Predicting probabilities in R with mixed effects model

Predicting probabilities in R with mixed effects model - r

I have defined a binary response mixed effects model using the R function glmer as follows:
fit <-glmer(binary_r ~ cat1 + (1 | SUBJECTIDf) + (1 | cat2) + (1 | cat1:cat2),
family = binomial("logit"), data = mydata))
where cat1 and cat2 are categorical variables and SUBJECTIDf denotes the factor variable tagging the individual subjects of the study.
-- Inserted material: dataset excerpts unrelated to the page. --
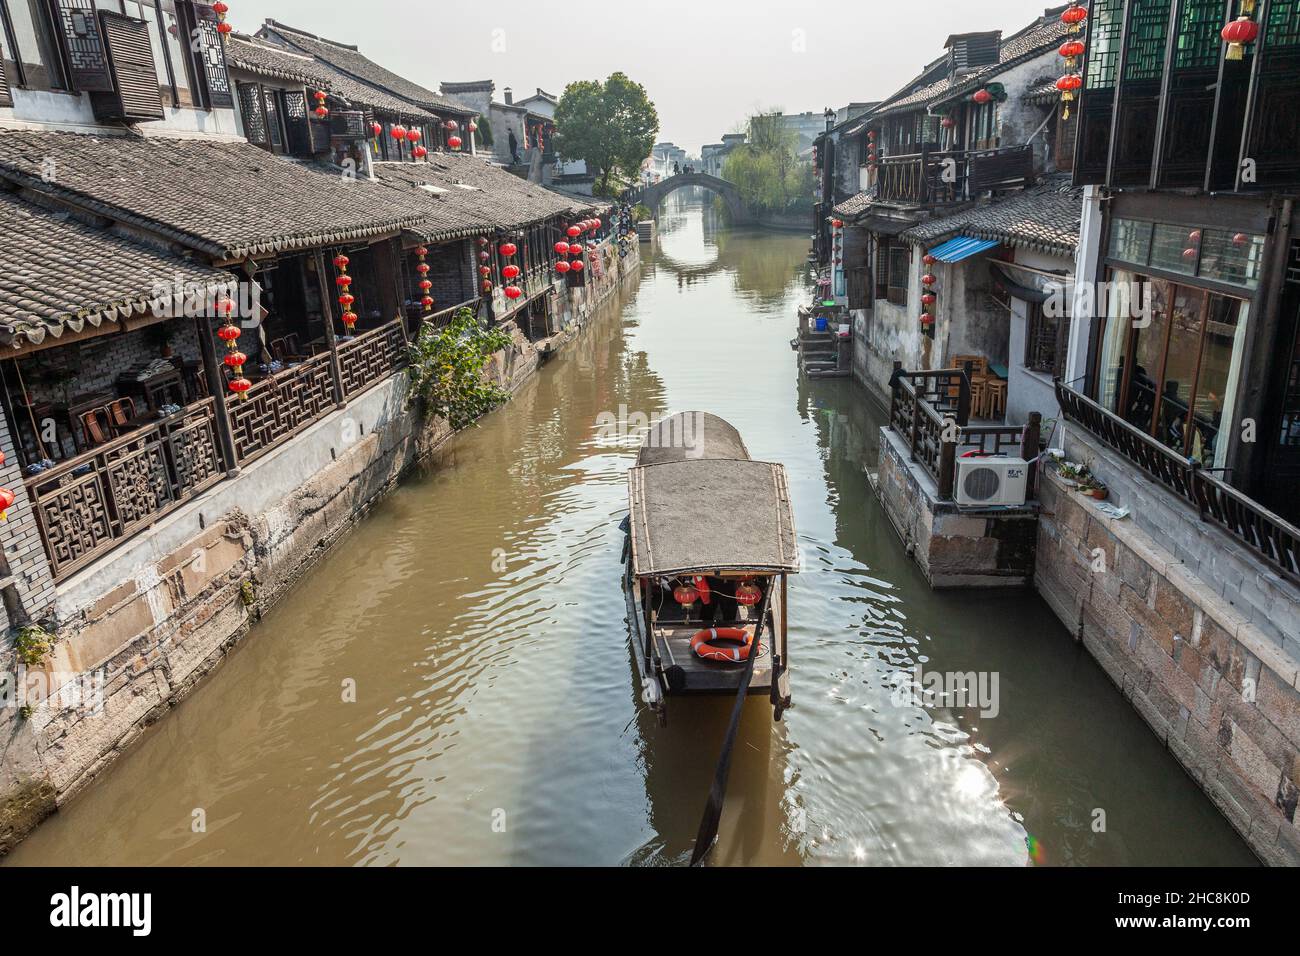 Boat on excursion on the canals of the water village of Xitang, China Stock Photo
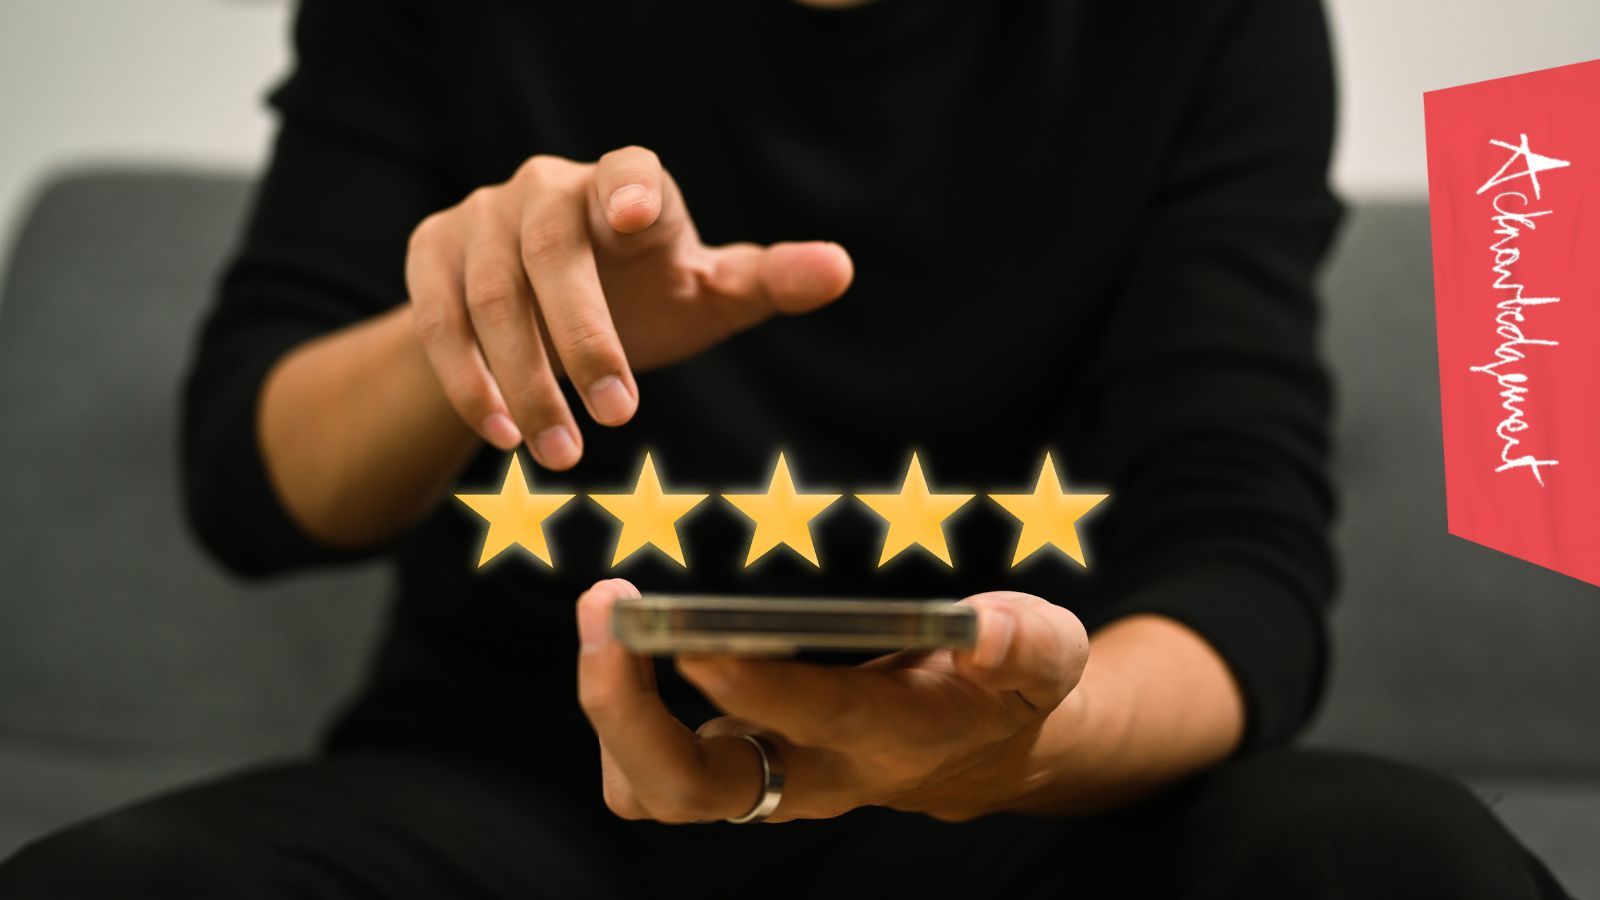 "Five star review" title graphic showing someone using a smart phone
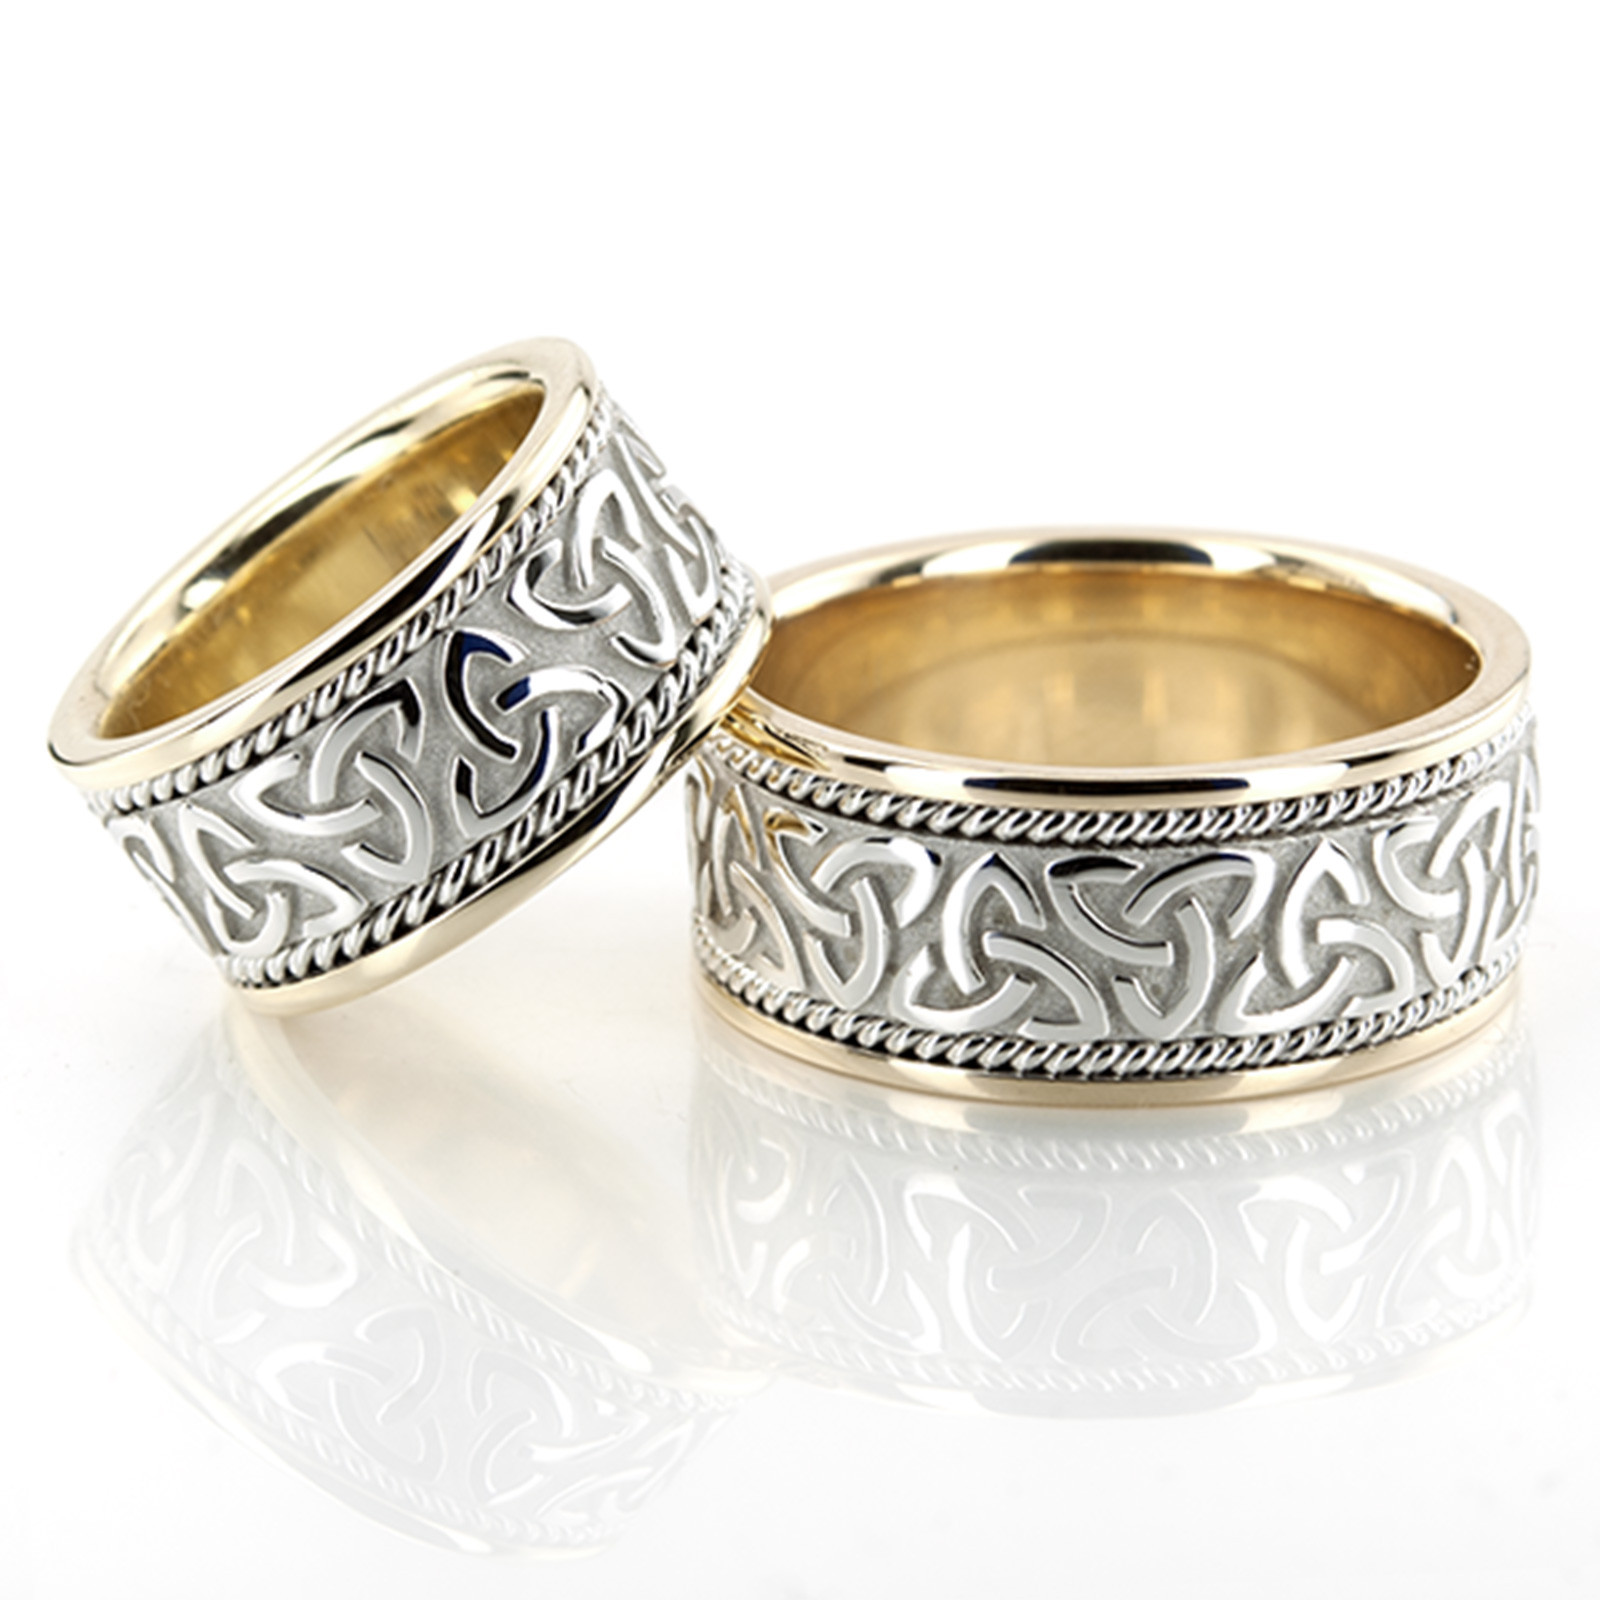 Scottish Wedding Rings
 This lovely Knot design Celtic wedding band set has two

Also, SUBJECTIDf and cat2 are cross-classified factors.
I would like to do the following for the above model:
create a table which presents the probability of a positive response for each combination of categories pertaining to cat1 and cat2;
create a plot (possibly a caterpillar plot) which displays the probabilities defined under a);
and
create summary statistics for the probabilities defined under 1., including the minimum and maximum probabilities, across all combinations of categories pertaining to cat1 and cat2.
I am assuming that in order to achieve the above outcomes, it would be appropriate to assume that the individual probabilities defined under 1., above are formed as averages or medians across all subjects for a given combination of cat1 and cat2.
I would be most grateful for advice on how to proceed.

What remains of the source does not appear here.